Mathews is interesting for another reason, but it is rarely discussed. Though it is often cited for its legal standard on due process, it is also a case about disability. 

Mathews was a recipient of social security disability benefits, whose entitlement was stopped in 1972. He challenged the authority of the Social Security Administration to halt his benefits without affording him an evidentiary hearing. At that time, there was precedent (Goldberg v. Kelly) that held termination of welfare benefits without an evidentiary hearing was in fact a deprivation of substantive due process. 

The Mathews Court distinguished Goldberg on various grounds.

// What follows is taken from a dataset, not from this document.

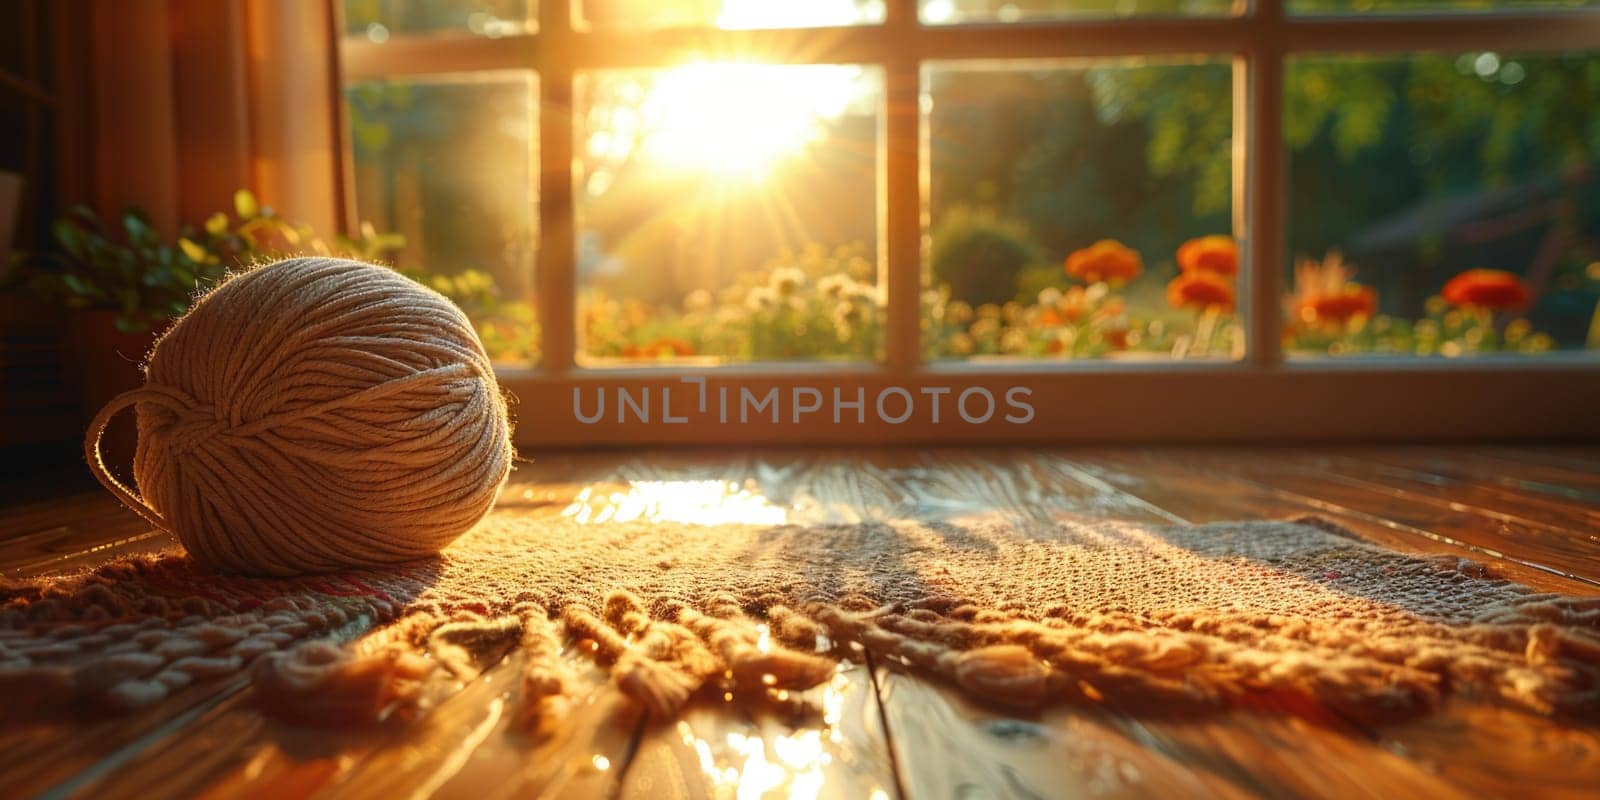 A ball of yarn sits on a wooden floor in front of a window, illuminated by sunlight.

Perhaps the most instructional being that the SSA termination process required that the "disability recipient" was provided with written explanation of any "tentative assessment" that disability payments should end, and was "given an opportunity to submit additional arguments and evidence." Essentially, that the opportunity to respond in writing, and the full access to "the information relied on by the state agency," was sufficient due process in this context. 424 U.S. at 322.

In affirming that Mathews had no such right to an evidentiary hearing before termination of his disability benefits, the Court made some other interesting observations which I have pondered over the years, as I have taught Constitutional Law. 

The Court supported its decision saying that "the decision to discontinue disability benefits will normally turn upon routine, standard, and unbiased medical reports by physician specialists "(citing Richardson v. Perales).

The Court also said that "eligibility for disability payments is not based on financial need, and although hardship may be imposed upon the erroneously terminated disability recipient, his need is likely less than the welfare recipient." In other words, the Court seems to conclude that people on welfare have had to prove they need support, but injured people have not been put to that proof. 

This was cited as a justification for the conclusion that "there is less reason than in Goldberg to depart from the ordinary principle that something less than an evidentiary hearing is sufficient." 424 U.S. at 339. 

Are reports by physician specialists "routine, standard, and unbiased?" Or is it appropriate that these reports be subjected to cross-examination? Is it logical that someone disabled has less of a need for financial support than someone who, while able, is not working? Is the distinction not in the need for support, but in the fact that need is previously proven in the welfare example?

Mathews makes for interesting reading. Understanding the extent of due process is positive for everyone, and a good reminder even for those who studied it in law school.